A perceptual space of local image statistics

Affiliations

A perceptual space of local image statistics

Jonathan D Victor et al. Vision Res. 2015 Dec.

Abstract

Local image statistics are important for visual analysis of textures, surfaces, and form. There are many kinds of local statistics, including those that capture luminance distributions, spatial contrast, oriented segments, and corners. While sensitivity to each of these kinds of statistics have been well-studied, much less is known about visual processing when multiple kinds of statistics are relevant, in large part because the dimensionality of the problem is high and different kinds of statistics interact. To approach this problem, we focused on binary images on a square lattice - a reduced set of stimuli which nevertheless taps many kinds of local statistics. In this 10-parameter space, we determined psychophysical thresholds to each kind of statistic (16 observers) and all of their pairwise combinations (4 observers). Sensitivities and isodiscrimination contours were consistent across observers. Isodiscrimination contours were elliptical, implying a quadratic interaction rule, which in turn determined ellipsoidal isodiscrimination surfaces in the full 10-dimensional space, and made predictions for sensitivities to complex combinations of statistics. These predictions, including the prediction of a combination of statistics that was metameric to random, were verified experimentally.
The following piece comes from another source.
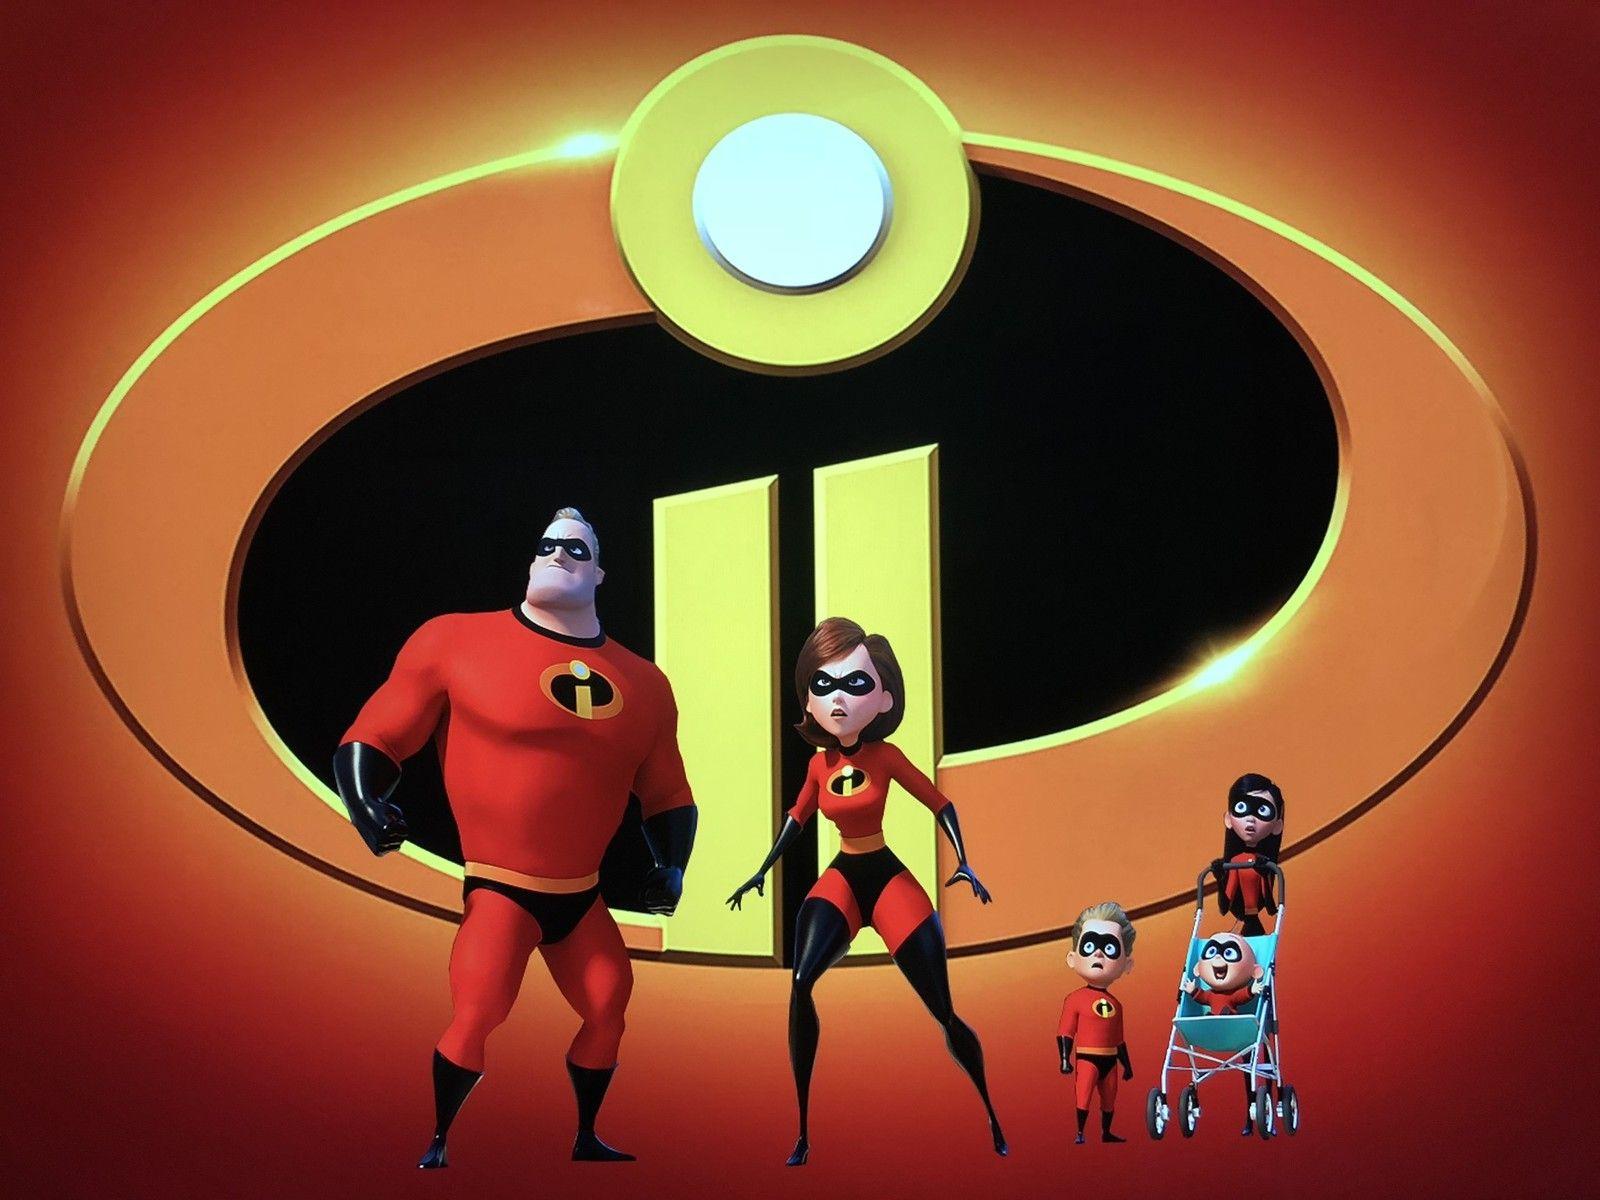 Celebrate the launch of Incredibles 2 with some fantastic Disney fun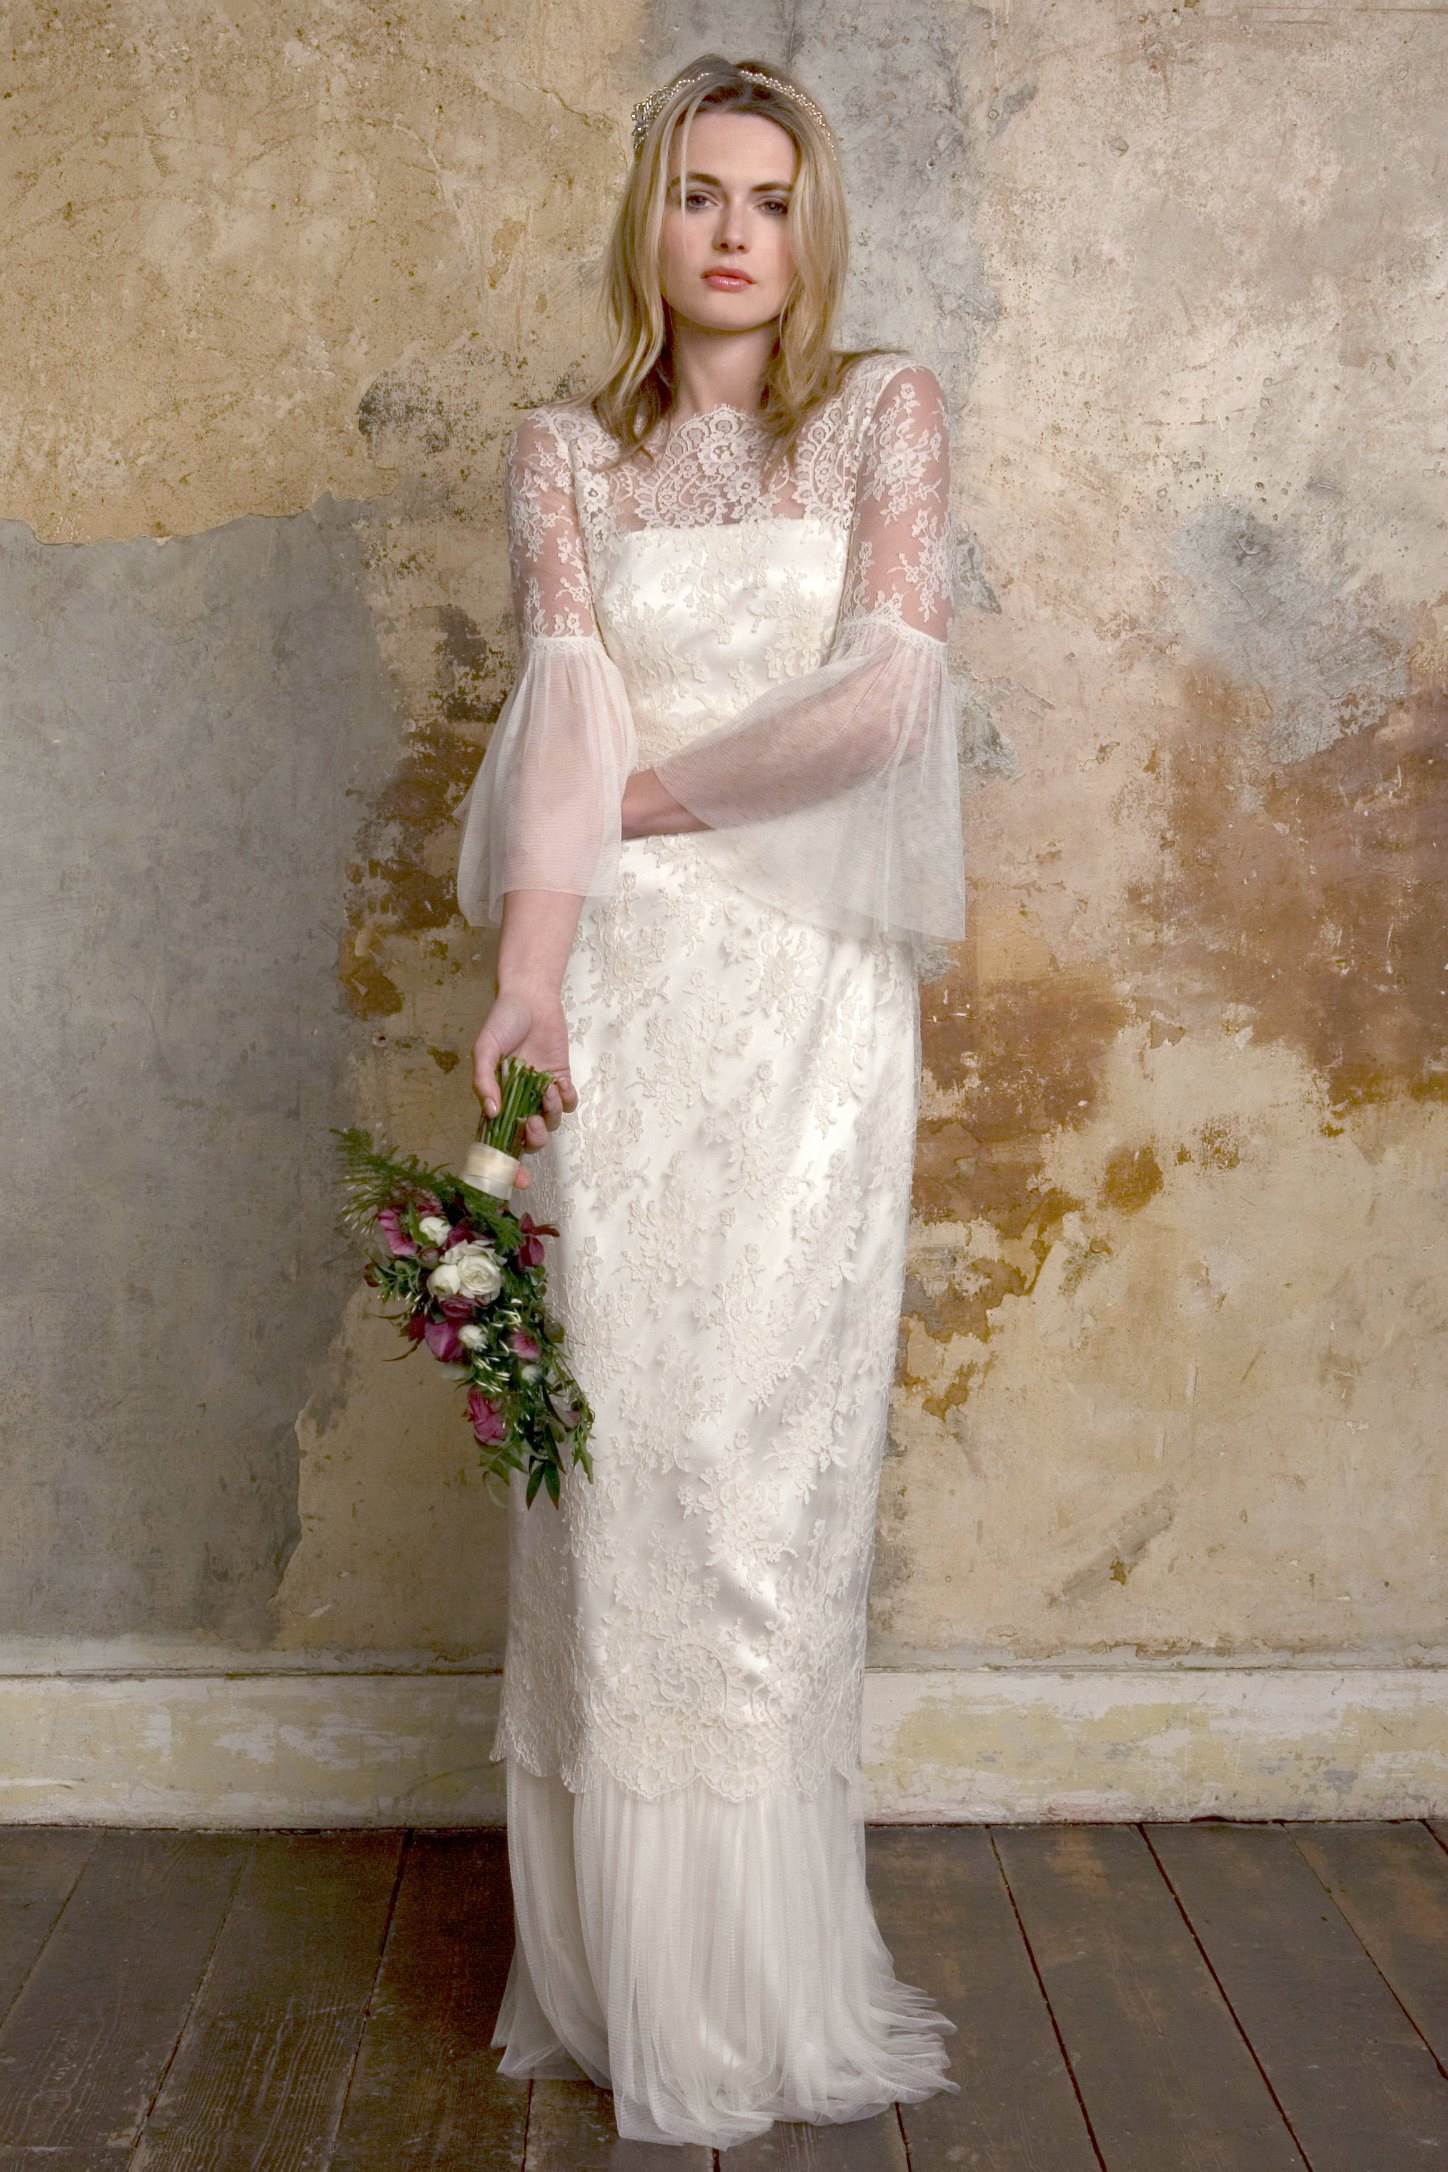 Sally Lacock 1970s inspired wedding dresses as featured on The Ntaional Vintage Wedding Fair blog

Finally, check size had only a mild effect on sensitivities over the range from 2.8 to 14min, but sensitivities to second- and higher-order statistics was substantially lower at 1.4min. In sum, local image statistics form a perceptual space that is highly stereotyped across observers, in which different kinds of statistics interact according to simple rules.

Keywords: Intermediate vision; Local features; Metamers; Multipoint correlations; Visual textures.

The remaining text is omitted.